Витек озарился светлой улыбкой идиота, которому пообещали купить мороженое.
– Нет, не так! Ты не так должен улыбаться.
– А как?
– Как? – Я задумался. – Как…
В этой улыбке должны воссоединиться горечь бытия, мед воспоминаний, дерзость сердца и усталость души… Как? Я улыбнулся так, как мы улыбаемся, если на улице вдруг встречаем женщину, в которую когда-то были безумно влюблены, а теперь увидели ее расплывшейся, увядающей домохозяйкой с набитыми сумками в руках и гирляндой из рулонов туалетной бумаги через плечо.
– Понял?
– Вроде понял, – кивнул Витек.
После нескольких попыток у него получилось нечто подходящее. И тогда я приказал ему одеться.
– В это? – обиделся он. – Я не шаромыжник…
– Да, в это! Одевайся!
– Иди ты знаешь куда!
– Мы же с тобой договорились! Ты выполняешь все, что я тебе говорю!
– Надо мной же смеяться будут, – захныкал Витек.
– Это мы над ними смеяться будем, когда ты премию Бейкера получишь.
– Какую еще премию?
– Как-нибудь расскажу. Одевайся!
Он напялил на себя разложенную на полу одежду – и эффект превзошел самые смелые ожидания: передо мной стояла живая загадка русского национального характера и, тихо матерясь, разминала тесноватые сапожки.
– Разносятся, – успокоил я.
Обойдя Витька со всех сторон и поправив на лбу алую ленточку с надписью Wimbledon, я отошел на несколько шагов и еще раз осмотрел моего питомца, щурясь и складывая губы гузочкой, как это делают на вернисажах некоторые посетители, подчеркивая таким образом свою причастность к миру искусства.

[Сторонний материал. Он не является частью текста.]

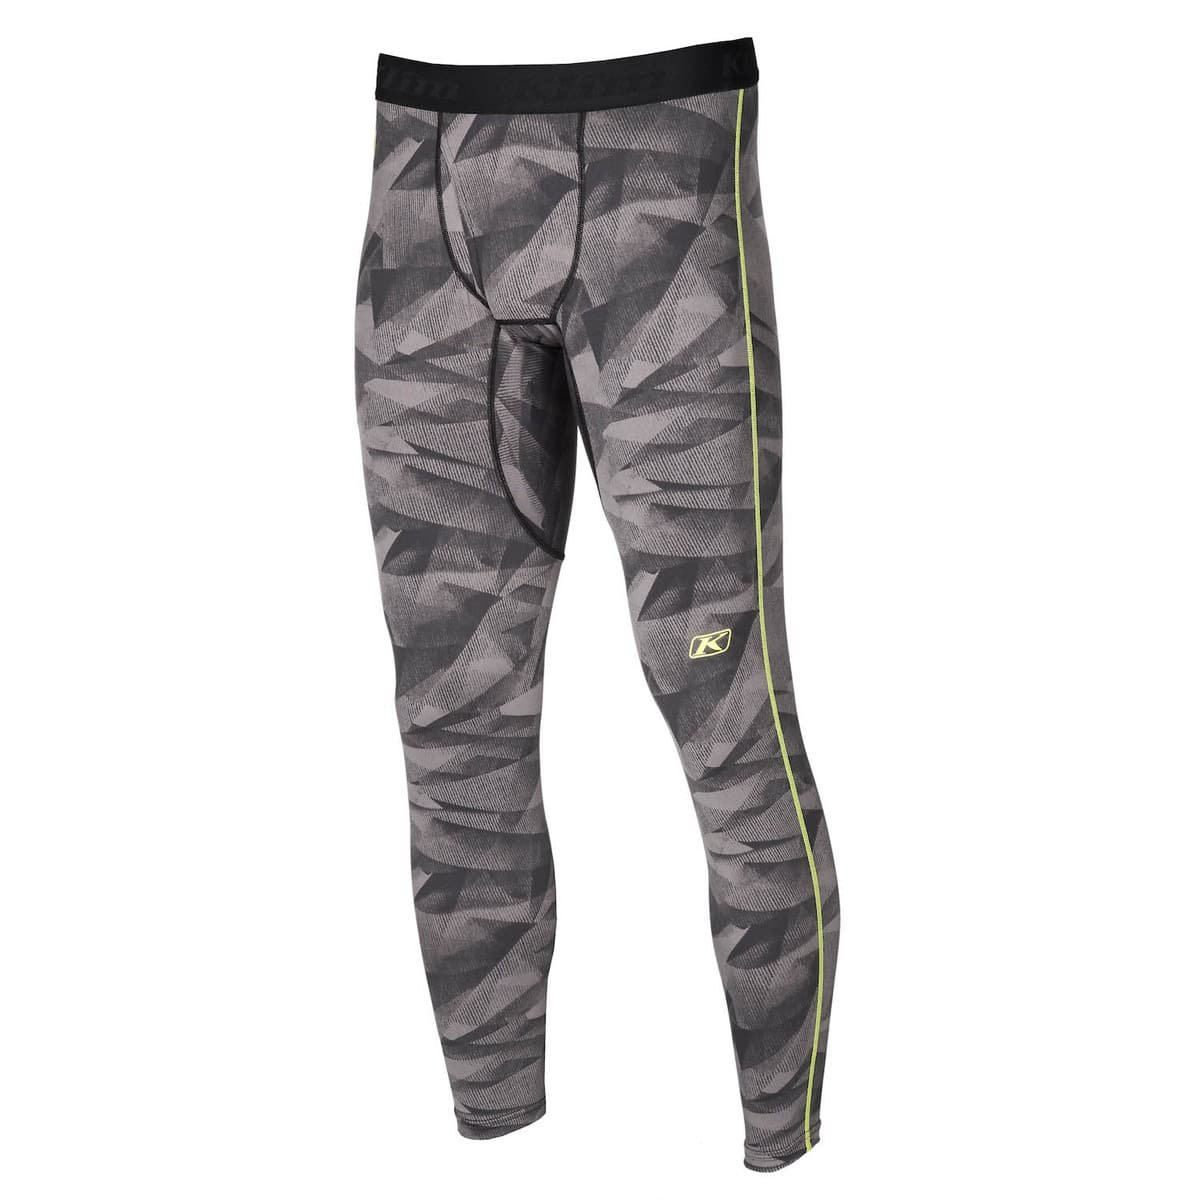 Klim Aggressor Pants 1.0 (SMALL) (GREY)

– Вращай кубик! Энергичнее! Ментально…
– Чего? – переспросил Витек.
– То, что надо, – объяснил я.
– Ты надо мной насмехаешься, что ли?
– Отнюдь…
– Насмехаешься, – помрачнел Витек. – Знаешь, я не хочу быть писателем. Я лучше назад… Бригадир – мужик отходчивый, возьмет. И Надюха тоже вроде не злопамятная…
– Не вари козленка в молоке матери его! – строго сказал я.
Еще вчера утром я бы с восторгом воспринял этот Витькин отказ. Но сегодня нет! Я уже вступил на тропу войны с идиотизмом жизни и смывать боевую раскраску не намерен. Я успокоюсь, только заполучив в руки кровоточащий скальп этой подлой людской несправедливости! Я успокоюсь только тогда, когда вся эта литературная сволочь будет лебезить и заискивать перед простодушным чальщиком, которого я снарядил в гении!
Взяв со стола листочек с лексиконом, я протянул его Витьку:
– Учи слова!
Он принял страничку и, медленно шевеля губами, начал читать по пунктам, оттопыривая при этом указанные в бумажке пальцы.
– Понял систему? – спросил я.
– Вроде понял…
– Давай проверим!
– Давай.
Я показал ему правый мизинец.
– Вестимо, – сказал он.
Я показал ему левый указательный палец.
– Скорее нет, чем да, – неторопливо сверившись с бумажкой, ответил он.
– Хорошо! Но учти: это я сейчас тебе пальцы к самому носу подставляю. При посторонних я буду делать тебе знаки незаметно. Знаешь, вроде как поигрывая пальцами… Давай порепетируем.
– Давай.
Я сел на диван в непринужденной позе и, похлопывая ладонью по подушке-думочке, неожиданно выставил правый большой палец.
– Транс… – скосив глаза в бумажку, забормотал Витек, – транс… детально…
– Транс-цен-ден-таль-но, – по слогам подсказал я.
– Транс… транс… дентентально…
Через полчаса он выговаривал это слово так, точно окончил Оксфорд.
– Молодец! Просто молодец! – подбодрил я. – Но учти: ты должен все это делать без шпаргалки, на память…
– О’кей – сказал Патрикей! – кивнул он.
– А как тебе вообще моя система? – с плохо скрытой гордостью спросил я.
– Говно! – не глядя в лексикон, бухнул Витек.
Я взвился с дивана:
– Запомни раз и навсегда: это слово ты никогда не должен произносить без команды! Никогда! Команда – два больших пальца! Не один, а два. Запомни! Порепетируем. Допустим, тебя кто-то спрашивает: «Виктор, а как вы относитесь к прозе Чурменяева?» Сказав это, я резко выставил вперед два больших пальца.
– Говно! – ответил Витек, почему-то произнося «г» на украинский манер, отчего слово зазвучало еще обиднее и неприличнее.
– Молодец! – похвалил я и медленно повернул пальцы вниз.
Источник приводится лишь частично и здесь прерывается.